Merging seqs.fna from multiple projects

wasade · June 13, 2018, 5:38pm

That sounds right, except that you may want to include assigning taxonomy as well . The outputs from Qiita do not automatically have taxonomy associated, but running the merged reference-hit.seqs.fa data through qiime feature-classifier classify-sklearn should do the trick.

Best,
Daniel

emescioglu · June 13, 2018, 5:40pm

Great! last question - Does Qiita automatically merge and provide the reference-hits.seqs.fa when I merge deblurred files or do I do this myself ?Thanks!

emescioglu · June 14, 2018, 6:58pm

reference-hits.seqs.fa is not provided. However, this file just contains the different sequences in my biom table right? So I could just generate a new file that has all of my sequences beginning with "> " and use this?

wasade · June 15, 2018, 12:09am

Ya, that would work! One way to do this:


    $ biom table-ids -i  --observations | awk '{ print ">" $1 "\n" $1}' > output_sequences.fa

Best,
Daniel

emescioglu · June 15, 2018, 6:58pm

Everything worked! You guys rock @ebolyen @wasade

To summarize for others interested in SourceTracker, I

downloaded Deblur output files called reference-hit.biom from each of the studies I was interested in to my computer, instead of merging them all via Qiita and downloading. I think the file from Qiita with all the data merged was too big to for my computer to process the file
converted the biom files to txt format and took a subset of samples I was interested in (there were thousand samples in some of the studies) and then converted these back to biom format.

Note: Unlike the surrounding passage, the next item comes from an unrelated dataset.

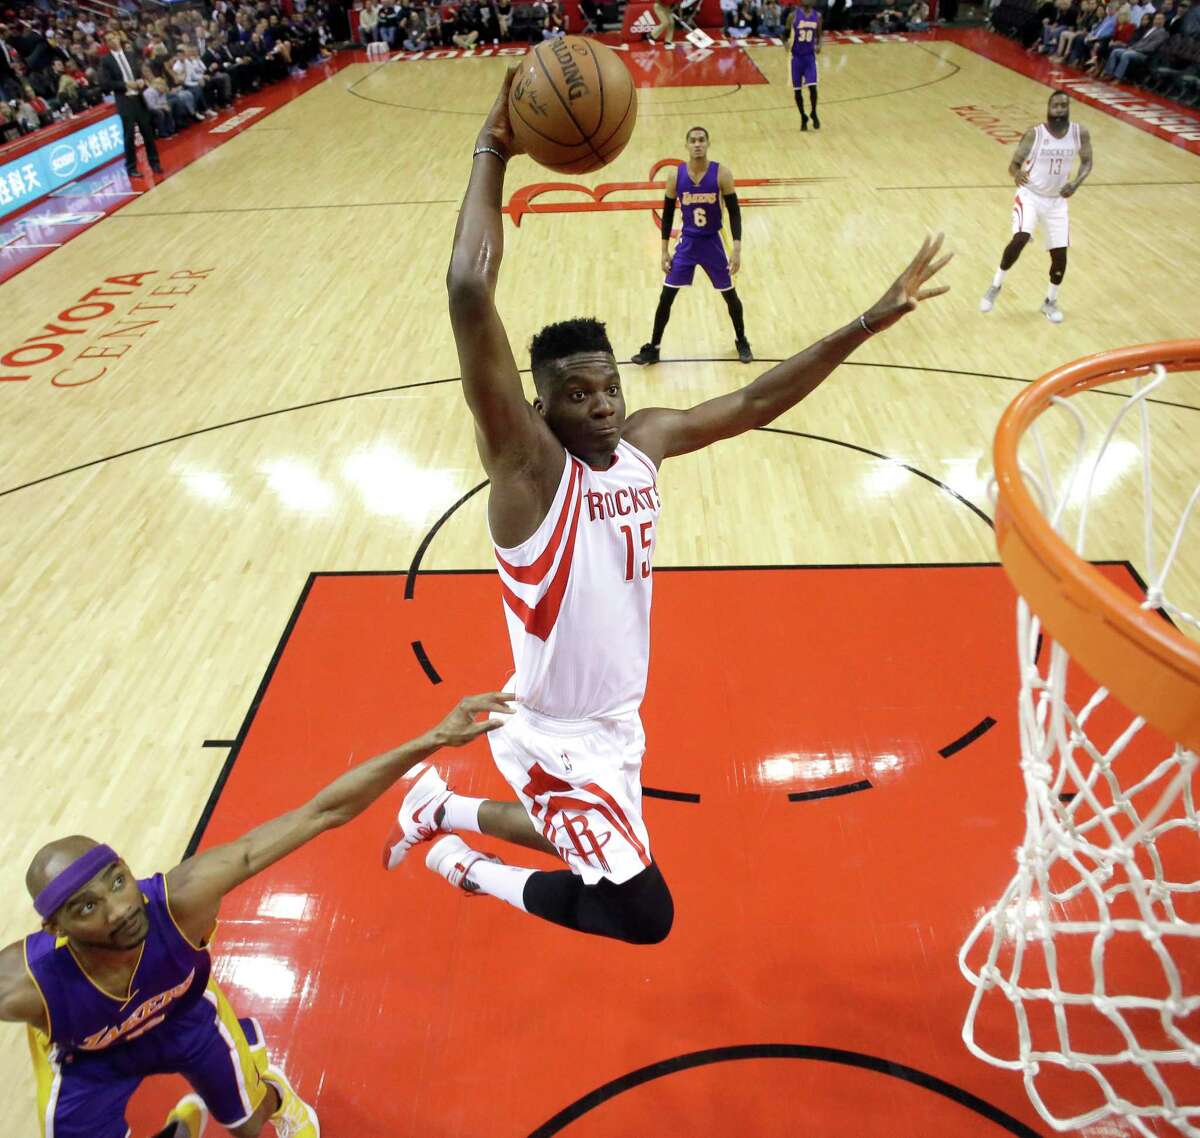 Houston Rockets' Clint Capela (15) goes up to dunk as Los Angeles Lakers' Corey Brewer defends during the first half of an NBA basketball game Wednesday, March 15, 2017, in Houston. (AP Photo/David J. Phillip)

This step was because I didn't know how to edit biom files
$ biom convert -i HumanSkinSamples.txt -o HumanSkinSamples.biom --table-type="OTU table" --to-hdf5
merged all the biom tables together using qiime1 merge_otu_tables.py
$ merge_otu_tables -i HumanSkinSamples.biom,HumanFecalSamples.biom -o merged.biom
imported merged biom table as a qiime artifact
$ qiime tools import --input-path merged.biom --type 'FeatureTable[Frequency]' --source-format BIOMV210Format --output-path merged-feature-table.qza
created a reference-hit.biom.fa file using excel tricks (saw your code after I already did this) and imported as a qiime artifact
$ qiime tools import --input-path rep-seqs-merged.fa --output-path rep-seqs-merged.qza --type FeatureData[Sequence]
assigned taxonomy
qiime feature-classifier classify-sklearn
--i-classifier 16S_classifier.qza
--i-reads rep-seqs-merged.qza
--o-classification taxonomy.qza
made taxa barplots and downloaded the output as CSV file through Qiime View at desired level (Species, Genus, etc.)
$ qiime taxa barplot
--i-table merged-feature-table.qza
--i-taxonomy taxonomy.qza
--m-metadata-file MetadataFile.tsv
--o-visualization taxa-bar-plots.qzv
Formatted table to use as input to SourceTracker

Thank you @wasade, @ebolyen, and rest of Qiime team!!

wasade · June 15, 2018, 7:05pm

Great!!! And thank you so much for sharing the commands you used!

Best,
Daniel

system · July 17, 2018, 1:11am

This topic was automatically closed 31 days after the last reply. New replies are no longer allowed.